Bloodlines, legacy, status be damned because even one person being alive at the end of it all was a victory.

The goal was to have something to welcome the world back from its stagnation. Ideally when Solomon was defeated things would simply go back to how they always were, without a whisper of what had happened, but there was no certainty to that. Time marched on. It could be months of discrepancy, years, perhaps centuries if something went wrong. There was the thought that maybe even despite their best efforts, the closest outcome would be a blank slate to start again from. Who would be there, to ensure something of what had come prior remained? That the culture, art, and song of the old world would be heard by someone one last time?

A fail safe was implemented. The everlasting blizzard blocked most light from the sun but howled on with winds powerful enough to knock a servant to their knees- it was more than enough for a generator. A small one, fed by a small turbine disconnected from most of the power systems.
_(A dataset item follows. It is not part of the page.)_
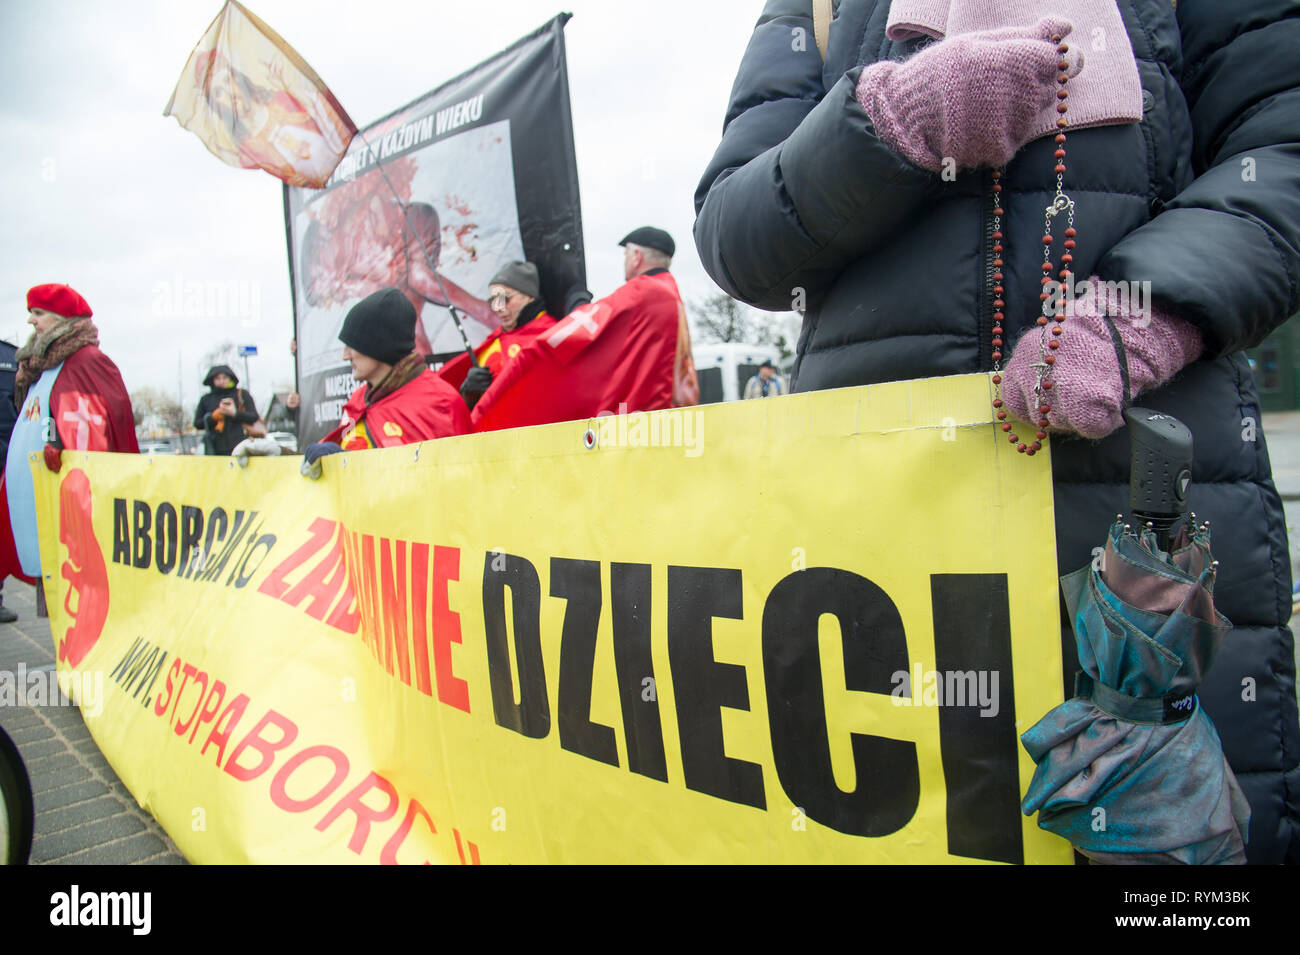 Anti abortion movement in Gdynia, Poland March 9th 2019 © Wojciech Strozyk / Alamy Stock Photo Stock Photo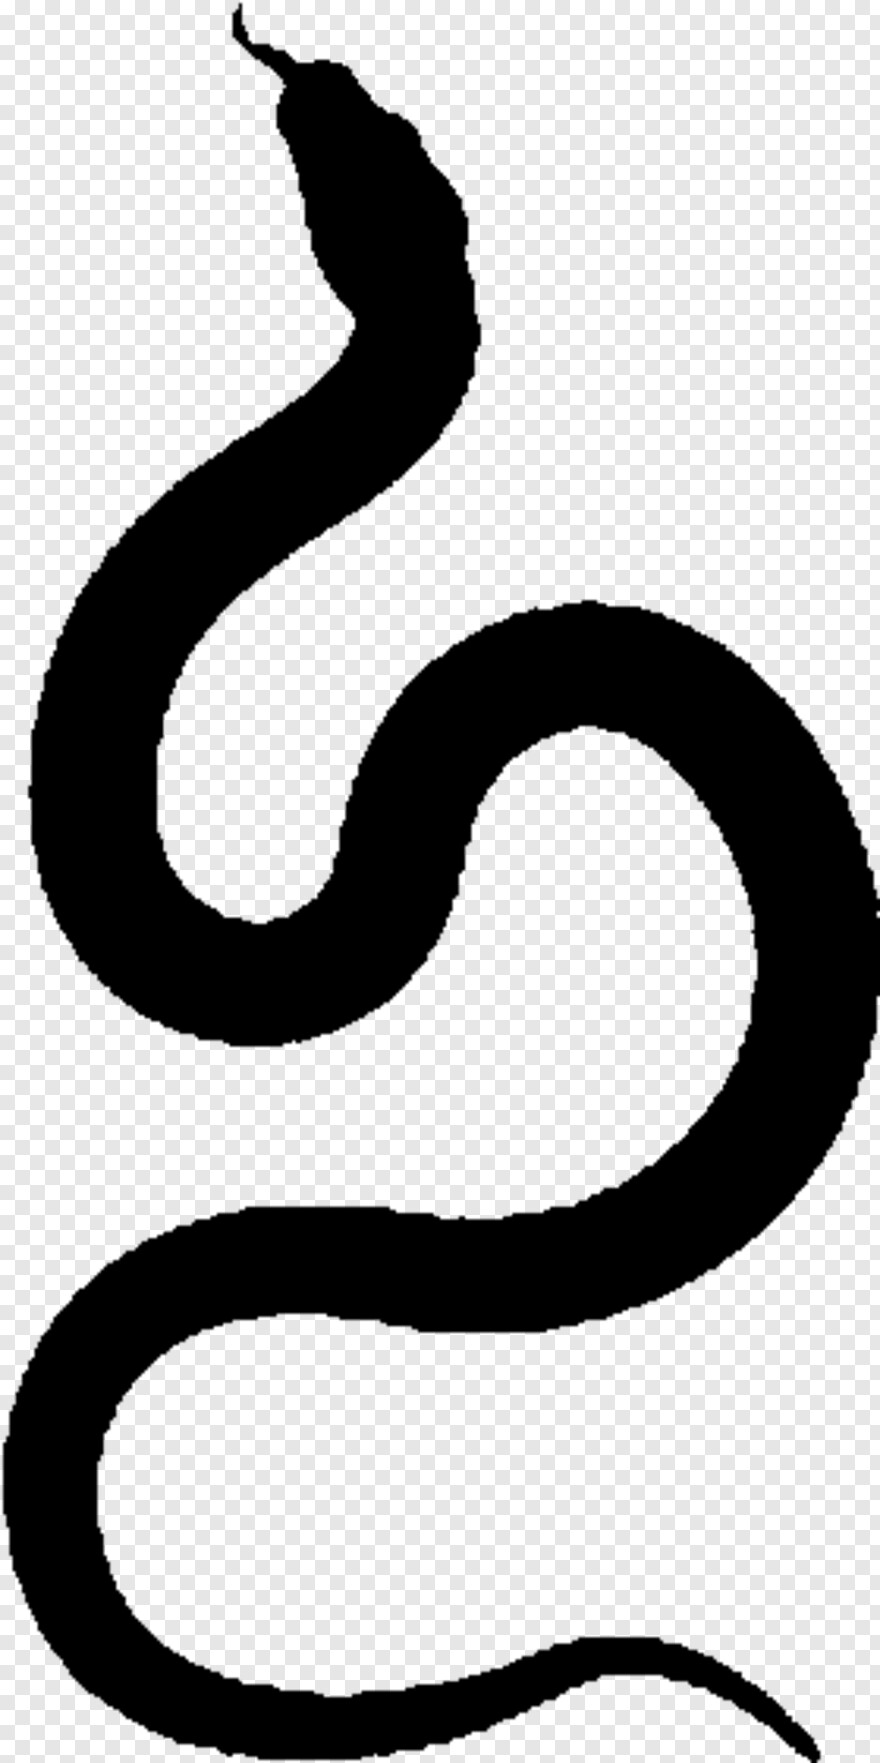 Badeværelse Forøge Erklæring Fire Emblem Logo, Emblem, Snake Tongue, Solid Snake, Black Snake, Gucci  Snake #867765 - Free Icon Library

If all else failed, if all else shut down, if in the end they were all condemned to die and no one would be there to continue to make sure they could one day be heard, the very forces of their isolation would. Nature would. The planet itself they were trying to save would keep it going.

That computer taken from one of the labs and purged of all else had to keep playing, keep recording, go into backup mode of not given input and play until it gave out. It would take years for the electronics themselves to give out, but there was a silent hope that things would never have to come to cannibalizing another computer to keep it going.

With time there would be an answer. With time someone would hear them. As more grails and more singularities were repaired, the likelihood of life increasing by the day and chances that someone would eventually be able to call back.